• _Problem description_: Retype each line below precisely and omit all images.

• _Dataset section_:
══════════════════════════════

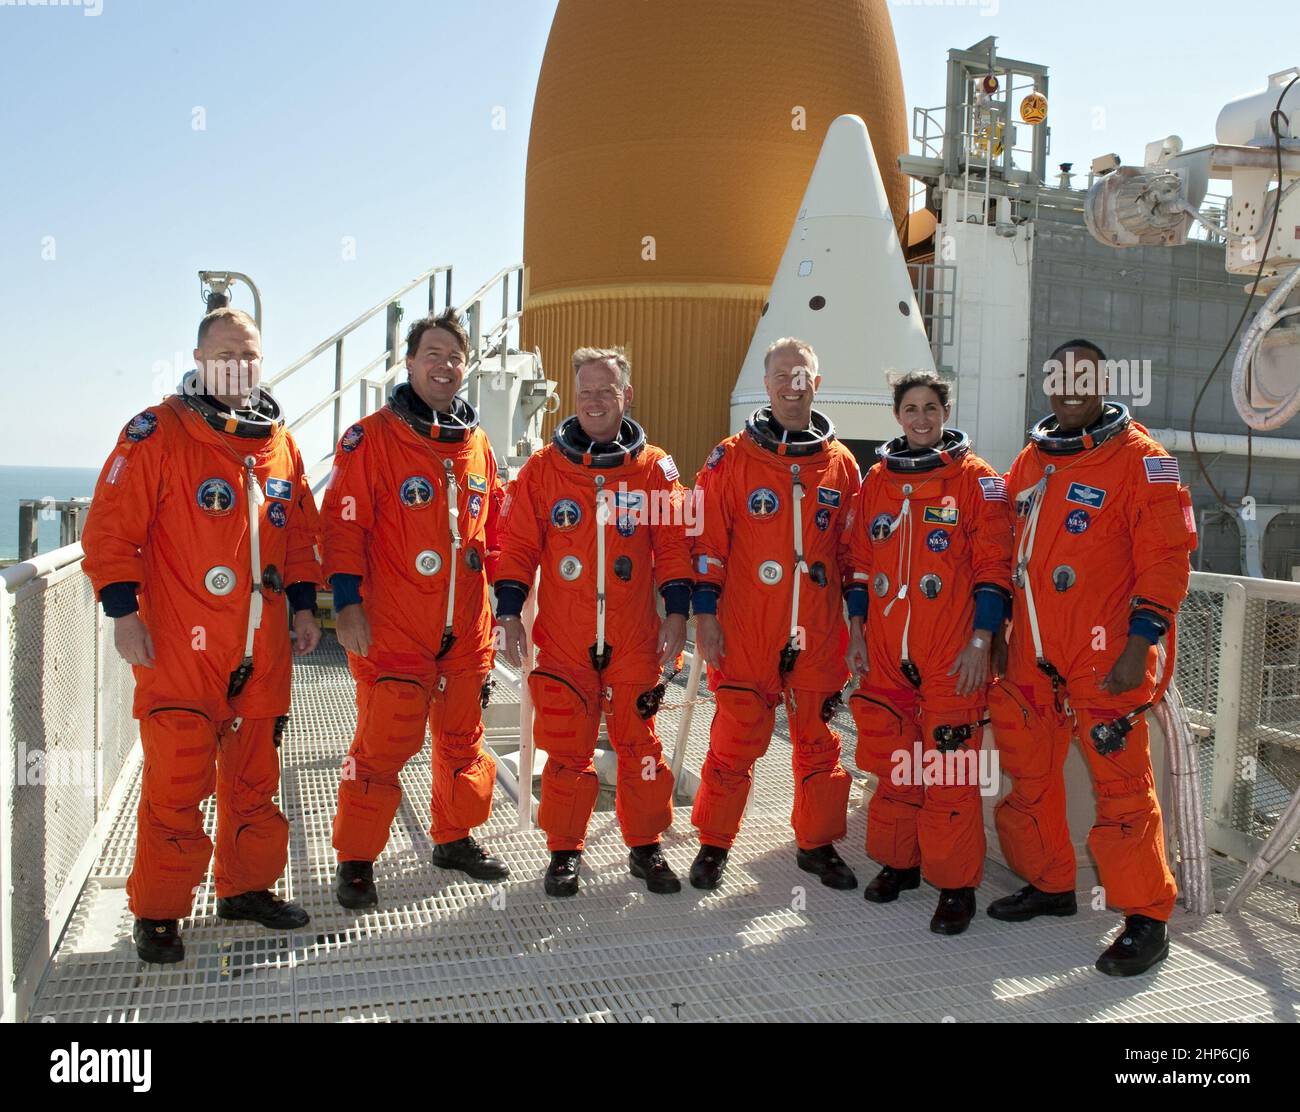 At NASA's Kennedy Space Center in Florida, the STS-133 crew takes a break from a simulated launch countdown and simulated pad emergency to take a group photo on the 195-foot level of Launch Pad 39A. From left are, Pilot Eric Boe, Mission Specialist Michael Barratt, Commander Steve Lindsey, and Mission Specialists Tim Kopra, Nicole Stott, and Alvin Drew ca. 2010 Stock Photo
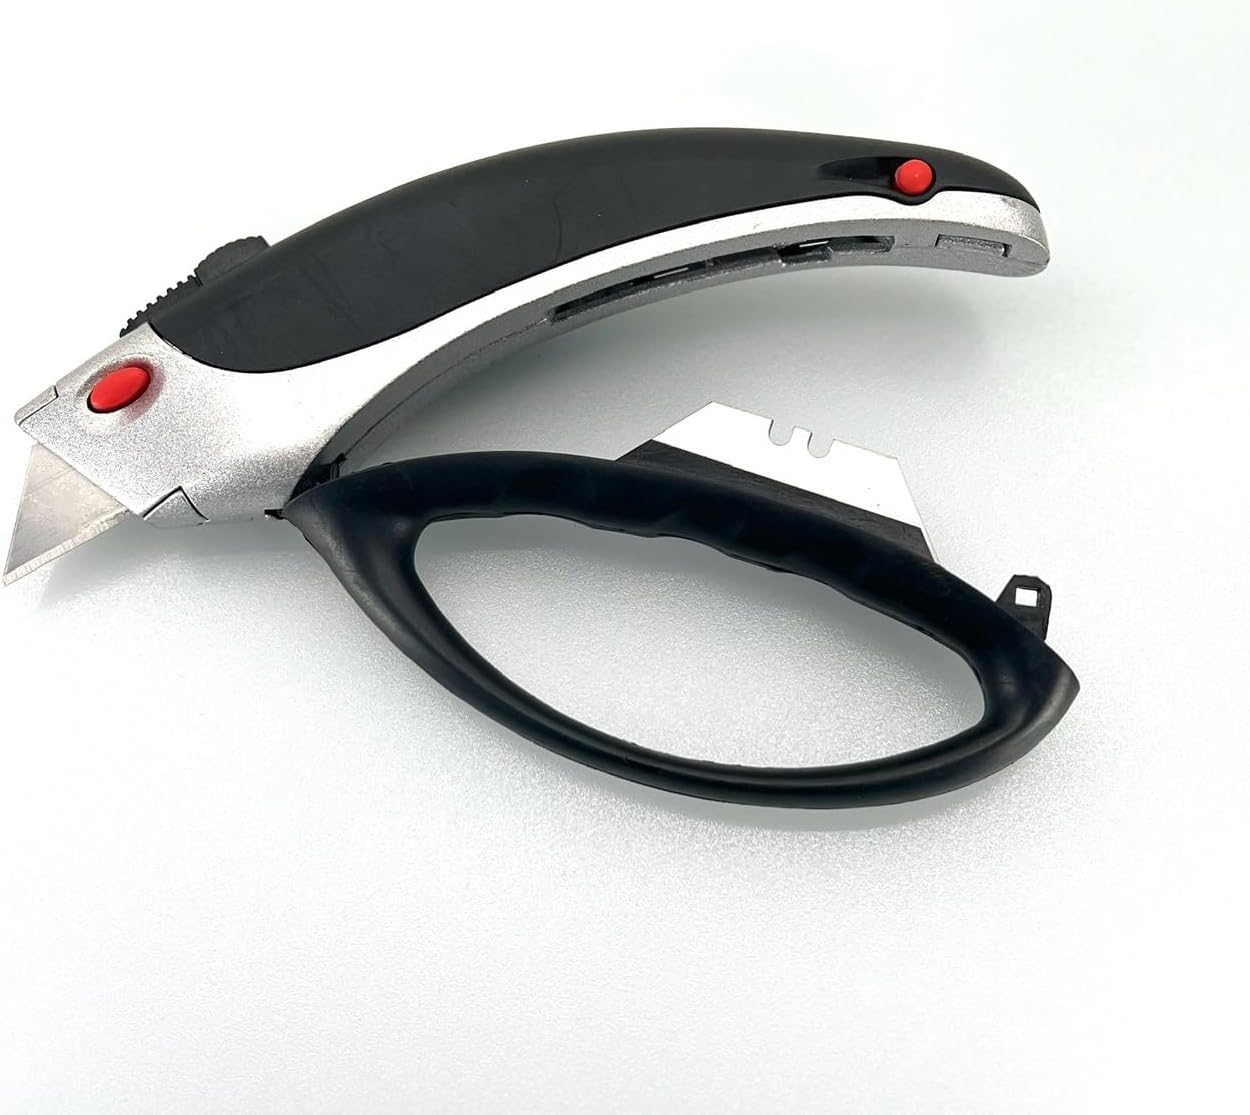 Retractable Utility Knife w/ Hand Guard - Features Extra Blade Storage & Knuckle Protection - EP-285
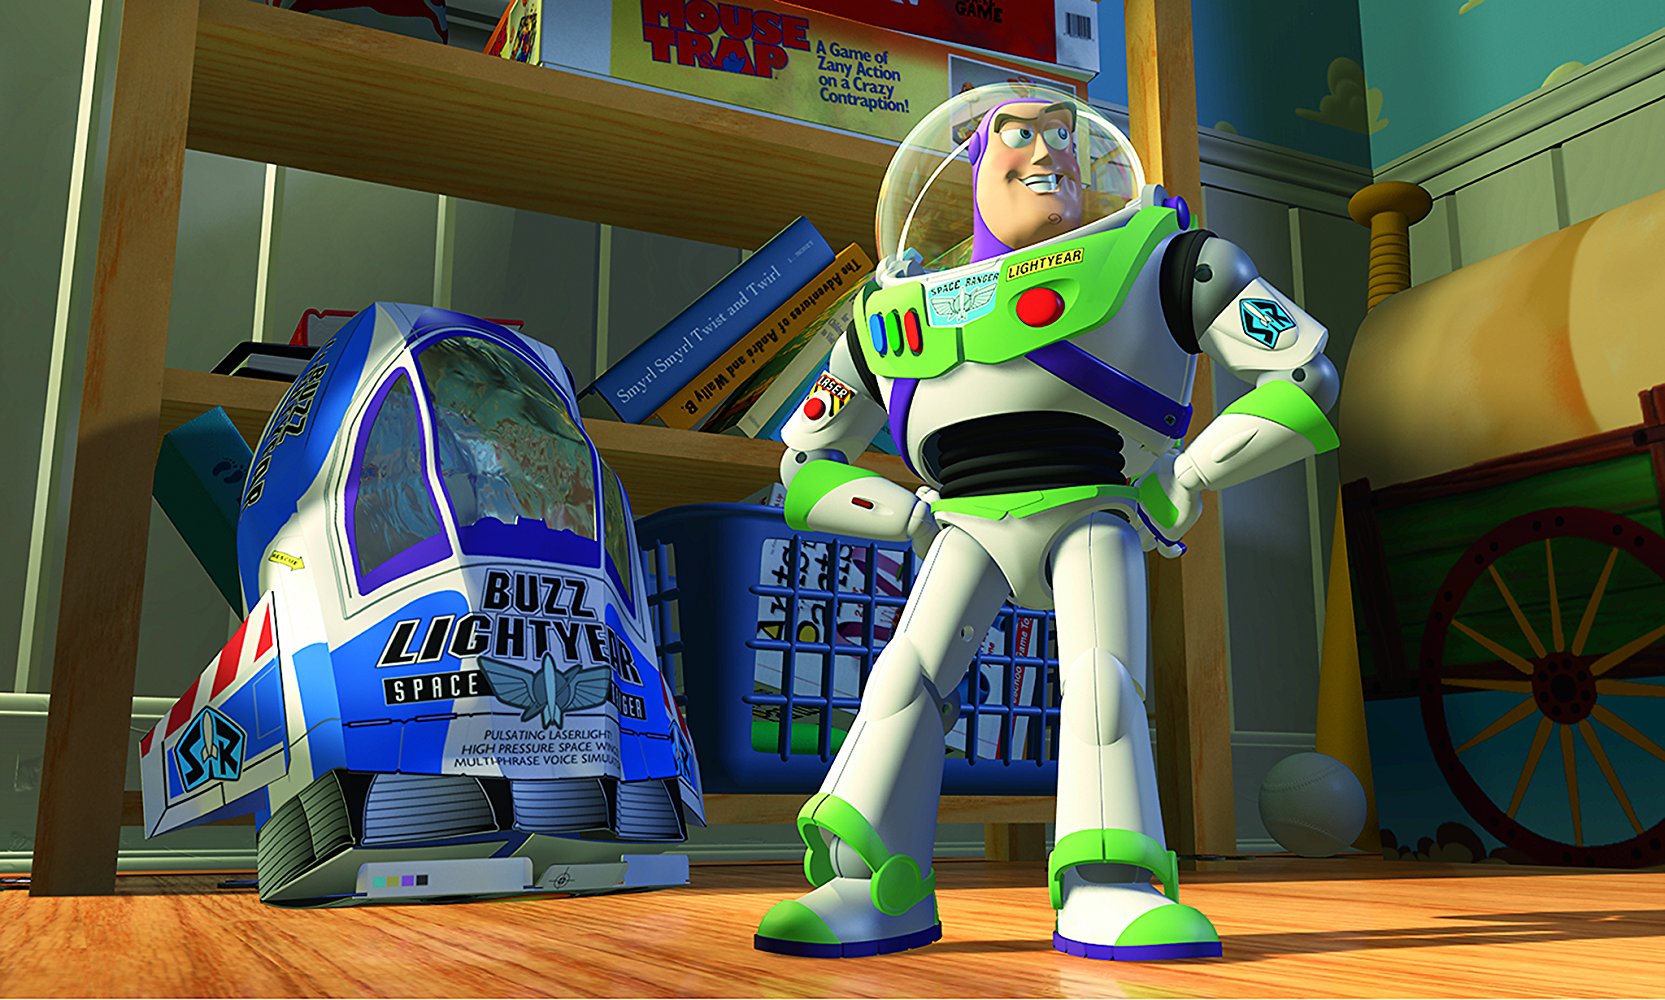 All about Buzz Lightyear on Tornado Movies! List of films with a

══════════════════════════════

• _Answer space_:
 At NASA's Kennedy Space Center in Florida, the STS-133 crew takes a break from a simulated launch countdown and simulated pad emergency to take a group photo on the 195-foot level of Launch Pad 39A. From left are, Pilot Eric Boe, Mission Specialist Michael Barratt, Commander Steve Lindsey, and Mission Specialists Tim Kopra, Nicole Stott, and Alvin Drew ca. 2010 Stock Photo
 Retractable Utility Knife w/ Hand Guard - Features Extra Blade Storage & Knuckle Protection - EP-285
 All about Buzz Lightyear on Tornado Movies! List of films with a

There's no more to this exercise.